(Entries supplied):
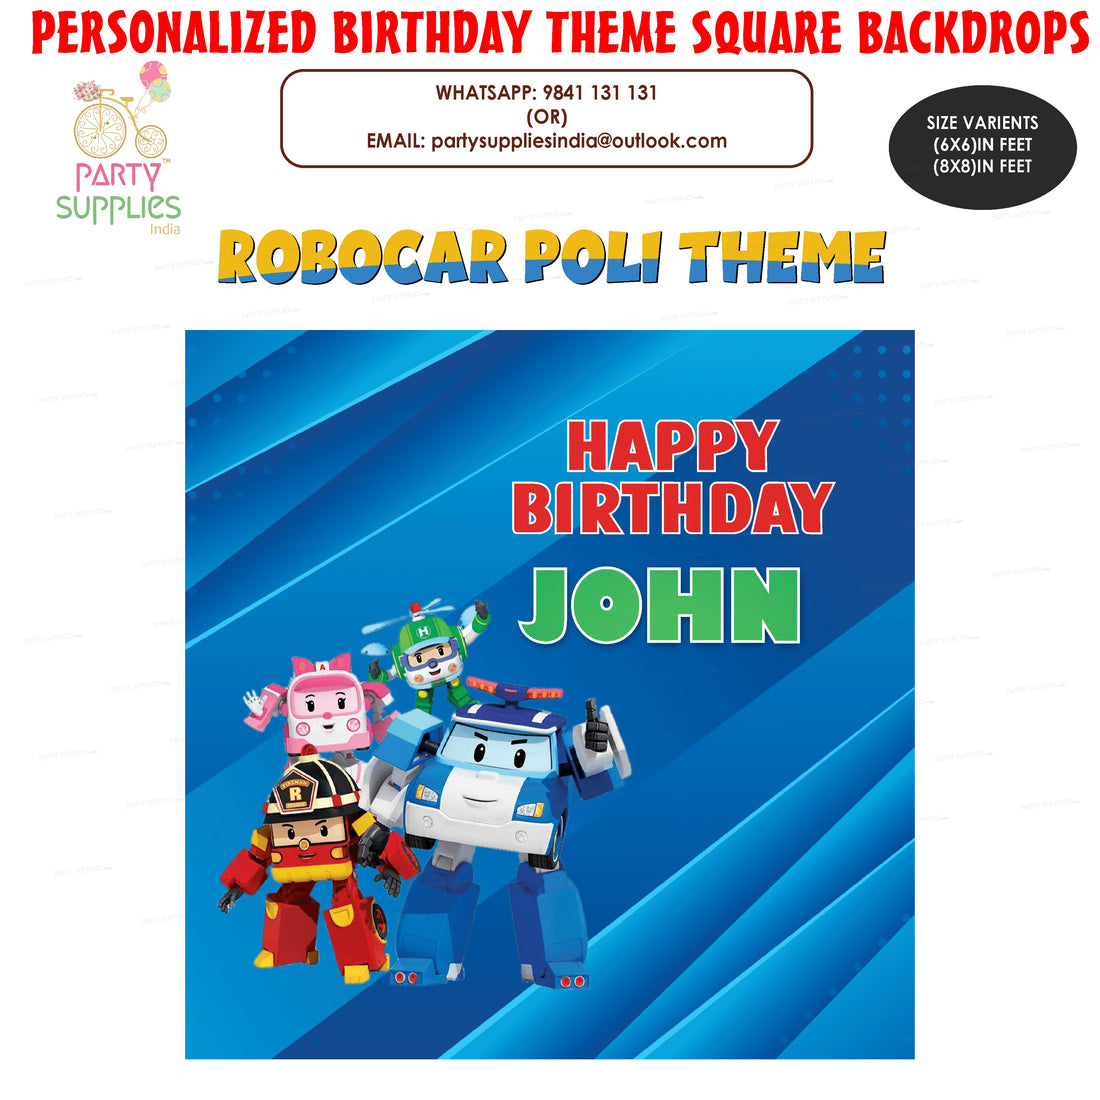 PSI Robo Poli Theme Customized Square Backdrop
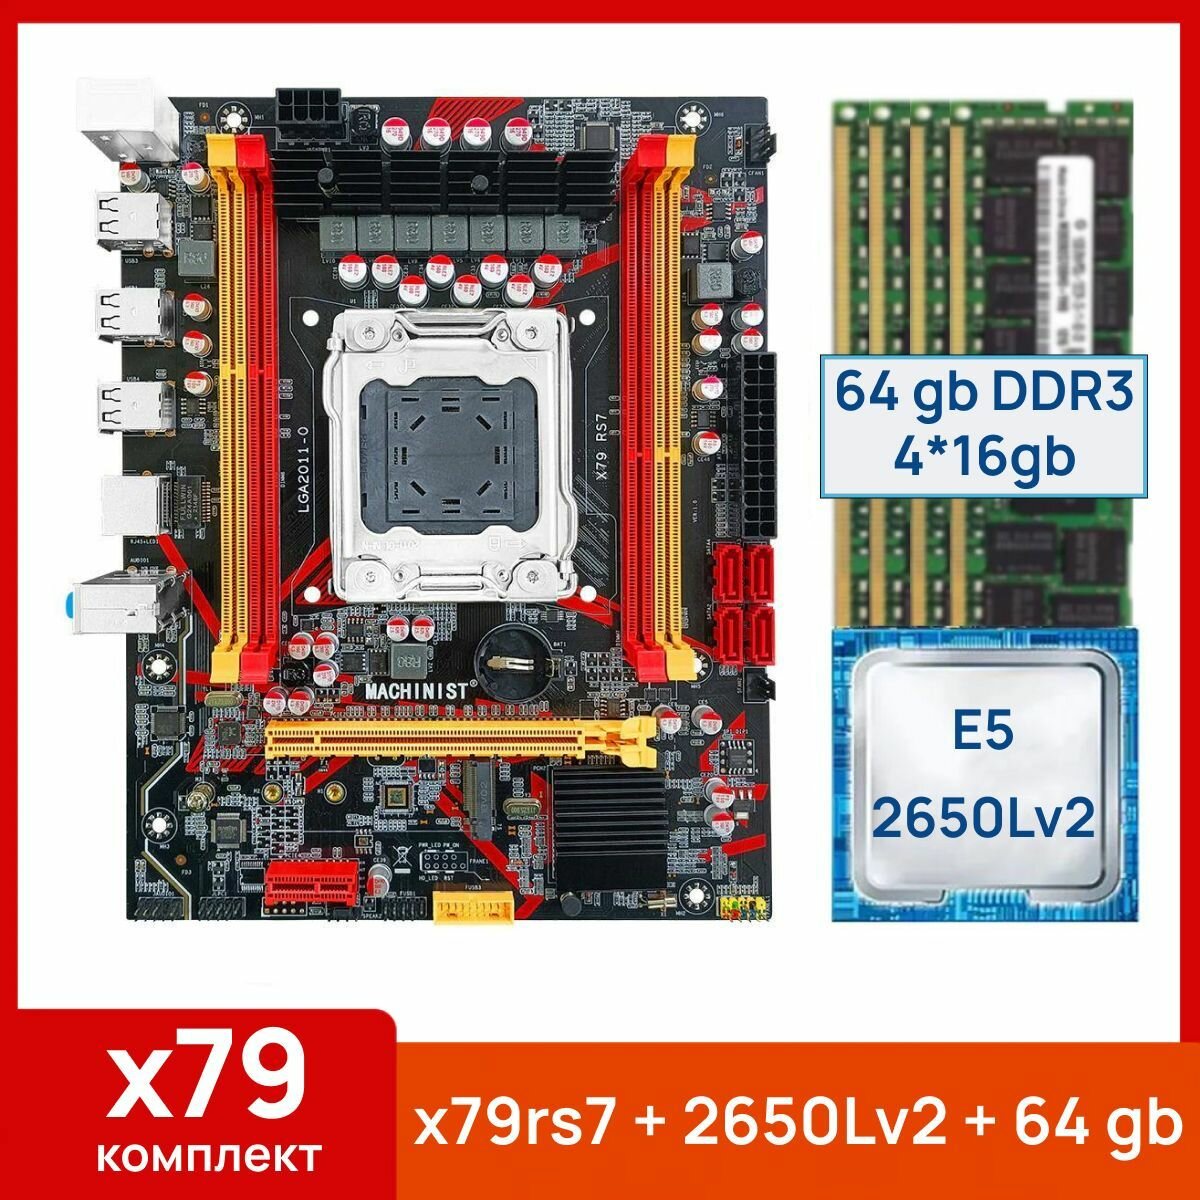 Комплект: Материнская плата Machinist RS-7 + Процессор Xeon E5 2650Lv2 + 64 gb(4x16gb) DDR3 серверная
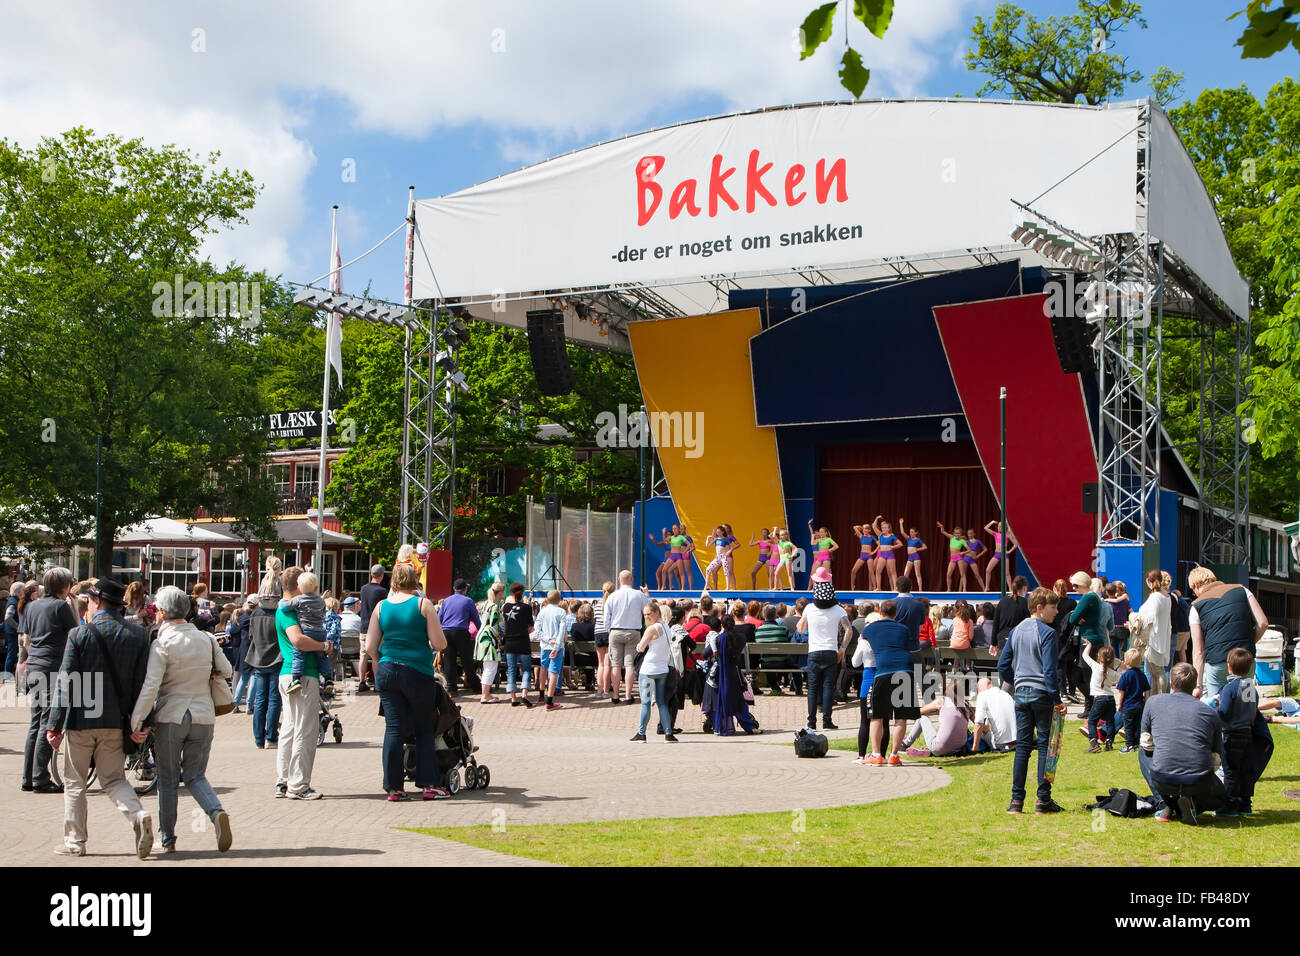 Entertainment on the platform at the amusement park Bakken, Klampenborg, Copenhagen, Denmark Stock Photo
* * *
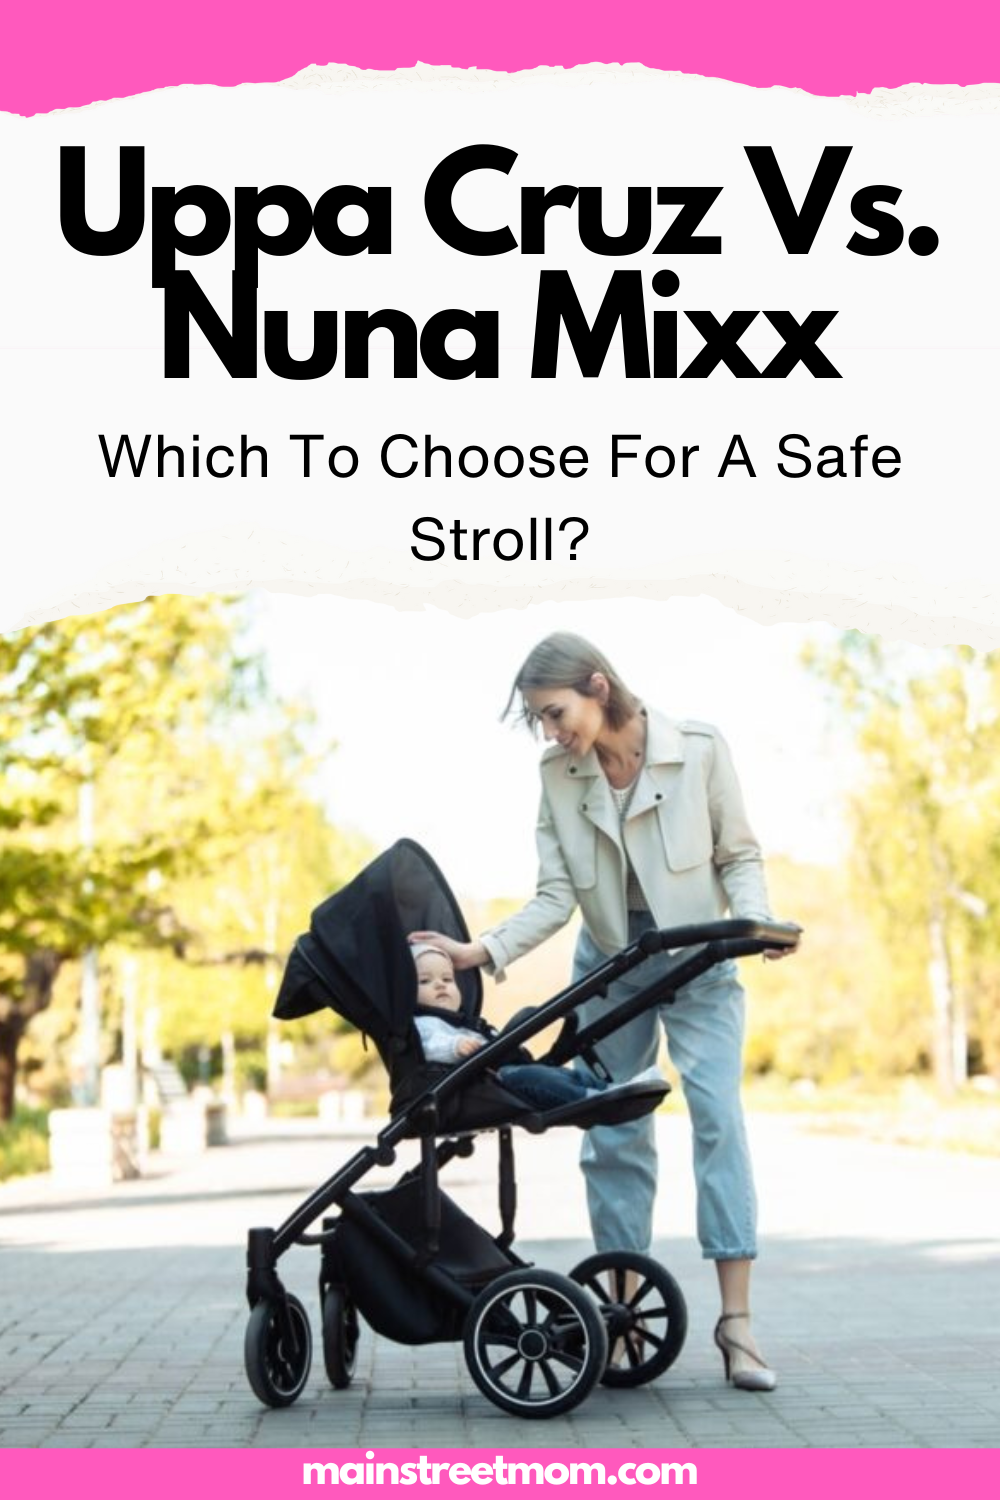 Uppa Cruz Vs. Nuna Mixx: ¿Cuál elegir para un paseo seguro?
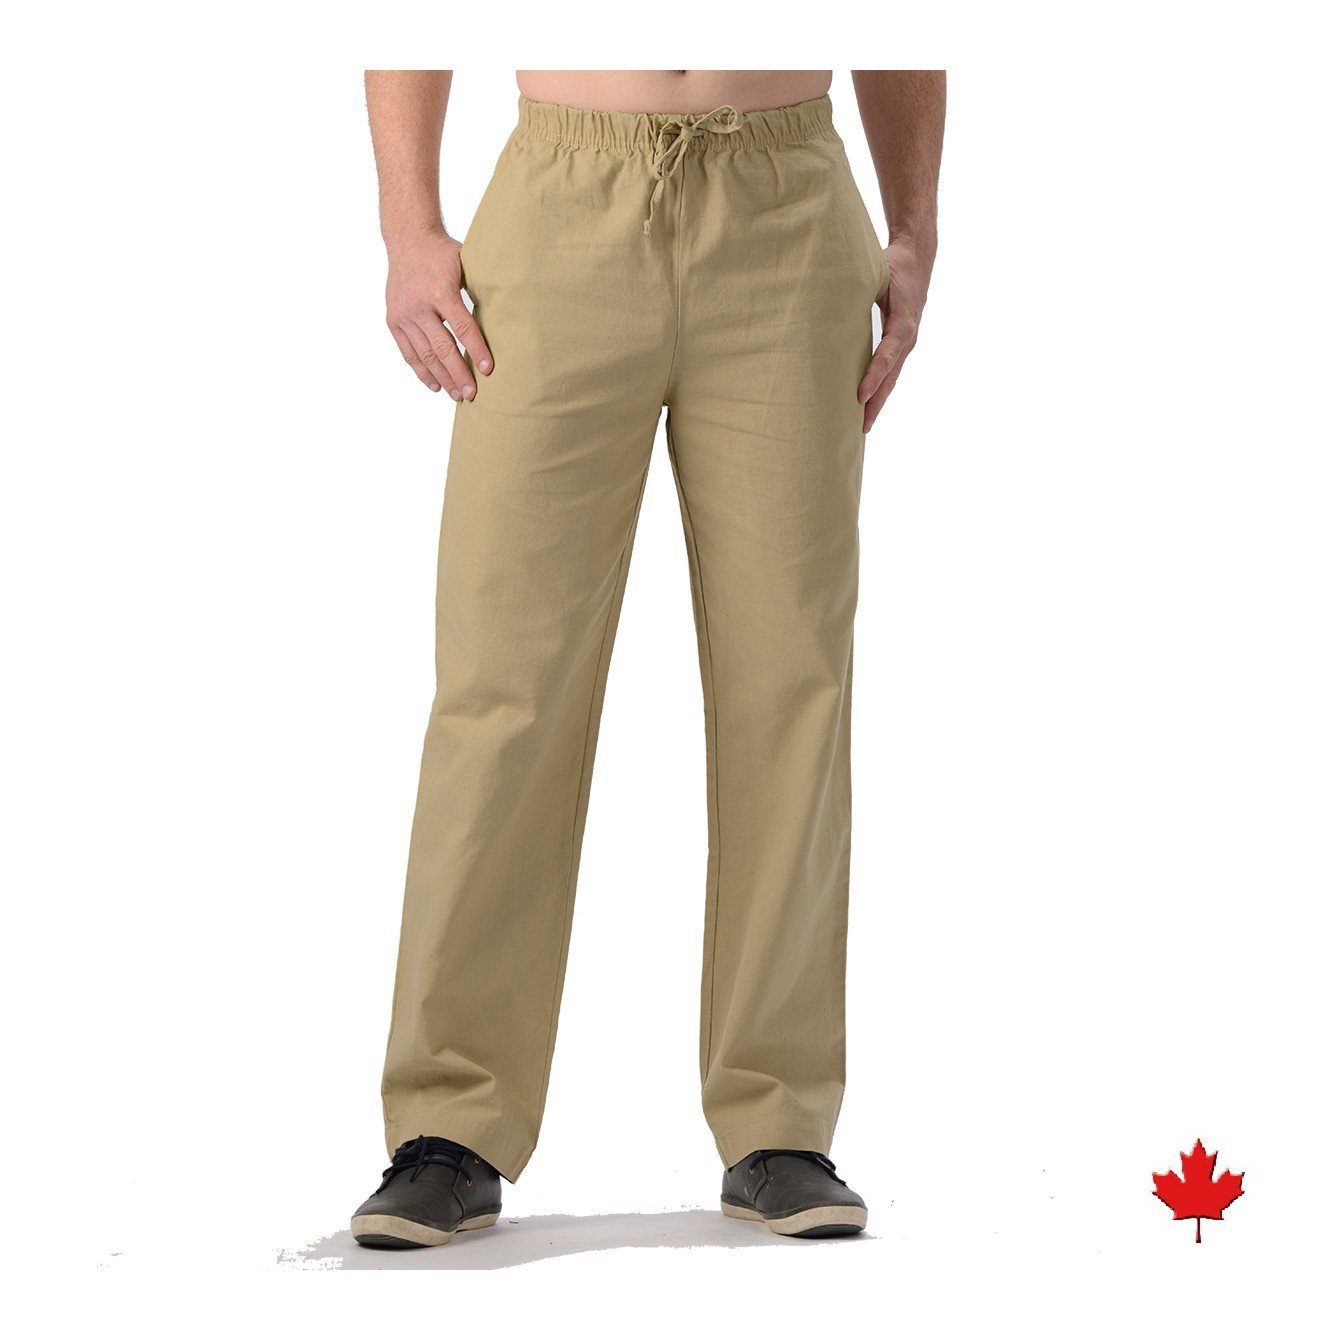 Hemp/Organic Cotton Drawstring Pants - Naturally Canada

(Problem requirements): Both the line above containing "Комплект: Материнская плата" and the line containing "Entertainment on the" belong in the copy, along with every line between them; print these exactly and omit the pictures.

(Response below):
 Комплект: Материнская плата Machinist RS-7 + Процессор Xeon E5 2650Lv2 + 64 gb(4x16gb) DDR3 серверная
 Entertainment on the platform at the amusement park Bakken, Klampenborg, Copenhagen, Denmark Stock Photo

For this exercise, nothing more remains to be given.